Rotten Tomatoes and Netflix both reign supreme in their respective territories and since there’s such a natural overlap, it might be worth seeing what the first has to say about the second. As it turns out, there are some obscure but worthwhile movies floating around Netflix that have all scored perfect hundreds on the Tomatometer. And not just one style of movie, either, but a healthy mix of fiction and documentaries.
Out of the top movies on Netflix that have scored a perfect 100 percent on Rotten Tomatoes, these are the ones worth adding to your watch list.
3 Idiots
3 Idiots is one of Bollywood’s more influential releases, setting quite a few box office records for India in the late aughts. It’s a dramedy following three friends in parallel times of their lives, the flashbacks being their college years and their present adulthoods. It’s a movie that covers a lot of ground, but does it deftly enough that it never feels like you’re rushing through a contrived plot and you get so invested in the character’s that, by the end, the movie has reminded you why human beings bother to have friends.
A Secret Love
A Secret Love is a baseball documentary along the lines of 1992’s A League of Their Own, which only winked at how gay the female baseball leagues of the 1940s were, and 2022’s A League of Their Own, which fully embraced and displayed how gay the female baseball leagues of the 1940s were. It tells the specific-but-not-unique story of Terry Donahue and Pat Henschel, two secretly together women who jointly ran an interior design business for nearly 70 years. The documentary handles a sensitive subject exactly the way you’d hope, by allowing the genuine emotion and inherent moral of it to shine through and showing that these relationships aren’t political, they’re deeply human.

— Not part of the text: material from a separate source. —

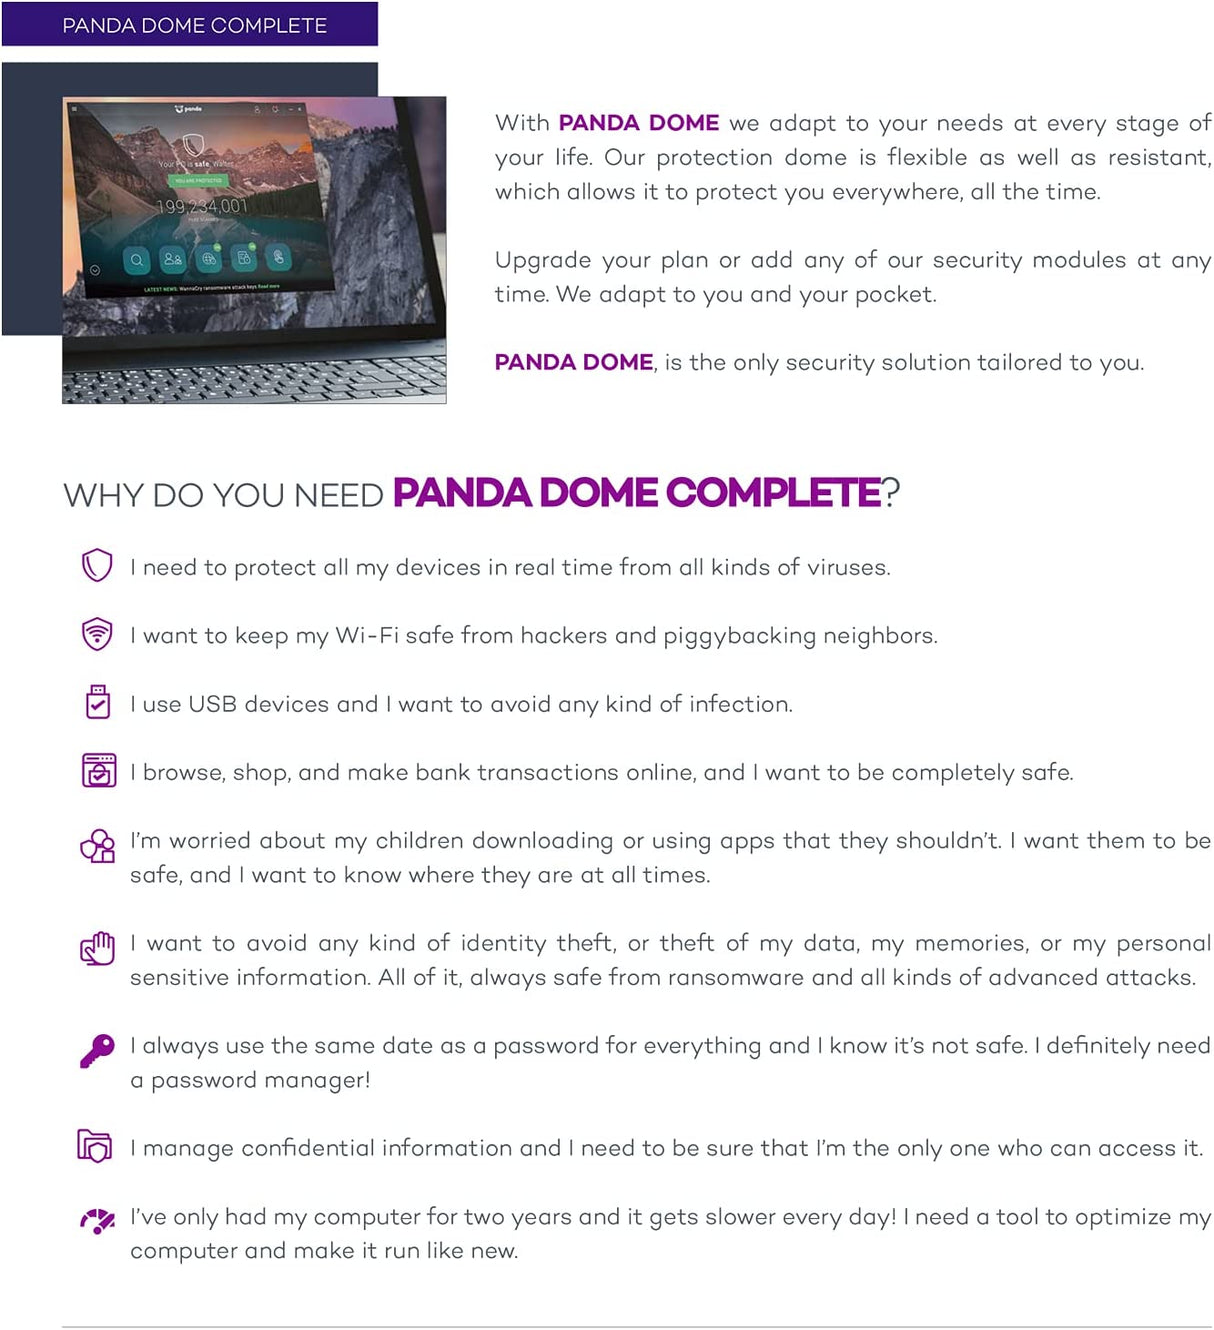 WatchGuard Panda Dome Complete - 1 Year - 5 Licenses (WGDOC031)

Is That Black Enough for You?!? does a lot of the heavy lifting for film history, putting the Black contributions to film back in the spotlight and showing the give and take between Black filmmakers and white, the latter of whom obviously didn’t credit the former. I’m a huge fan of the film for its honesty. There’s an agenda in these films, yes, but it’s hard to object to an agenda that has an endgame of simply wanting the credit it’s rightfully due.
Descendant
In the same vein as Is That Black Enough for You?!?, Descendant is a documentary prompted by the discovery of the Clotilda, the last ship confirmed to bring Africans to the United States to be forced into slavery. The ship was found in 2019 in the Mobile River, where it was scuttled when its captain destroyed the evidence of his highly illegal transportation of enslaved Africans. The discovery, and accompanying documentary, ground and personalize slavery in America in a way history rarely can and reinforces that Americans live in a country slavery created, often in direct but obfuscated ways.
His House
His House takes full advantage of fiction’s ability to convey deep emotional truths without having to actually depict reality. For example, His House does a great job of conveying the isolation and ostracization of newcomers, the desire to fit into your adopted home, and the desperation to not lose the cultural touchstones of your upbringing. Obviously, refugees don’t generally have malevolent supernatural entities hanging over them as they try to adjust to their new homes, but that doesn’t mean it can’t feel like they don’t.
Mr. Roosevelt
Mr. Roosevelt is among the most relatable movies for Millennials. Basically, a young woman comes home to see her dead cat and has to contend with how well everyone else’s life seems to be going, especially her ex-boyfriend. It kind of makes you think if everyone else seems to be doing so much better than us and everyone feels that way, are any of us doing that bad? Or, more pessimistically, are any of us doing that good?
Mixtape
Mixtape skews towards a younger audience than most of the other movies on this list, but that doesn’t mean it should be avoided. It’s similar to movies like Eighth Grade in that the main character might be a teen girl, but what she’s going through is a universal experience. You don’t need to have been a 16-year-old orphan to want to connect with your parents as more complex people rather than authority figures. Or, if you don’t particularly like your parents, to have felt the desire to find out exactly who you should consider family—not in a cheesy, gravely Fast and the Furious way, but in a Maslow’s hierarchy of needs kind of way.
The Witcher: Nightmare of the Wolf
This animated spinoff of The Witcher novels is more faithful to the source material than the Netflix series of the same name. It’s not just the brains behind the Tomatometer that appreciate this one either: in an era of review bombing and general unpleasantness on the part of fans, the audience review sits at a solid 83 percent.
Virunga
I should say right now that Virunga is not a movie you should watch if you want to feel good about the direction the world is headed. Virunga wouldn’t be made in a society that actually valued the natural world in the way it not only should, but needs, to be valued. The documentary is about a group of soldiers in Virunga National Park who use lethal force to protect critically endangered mountain gorillas from poachers. It’s a war correspondent’s look at the Congo’s national park system as well as forces environmentalists to ask themselves how militant and absolutist they’re willing to be as stewards of the natural world.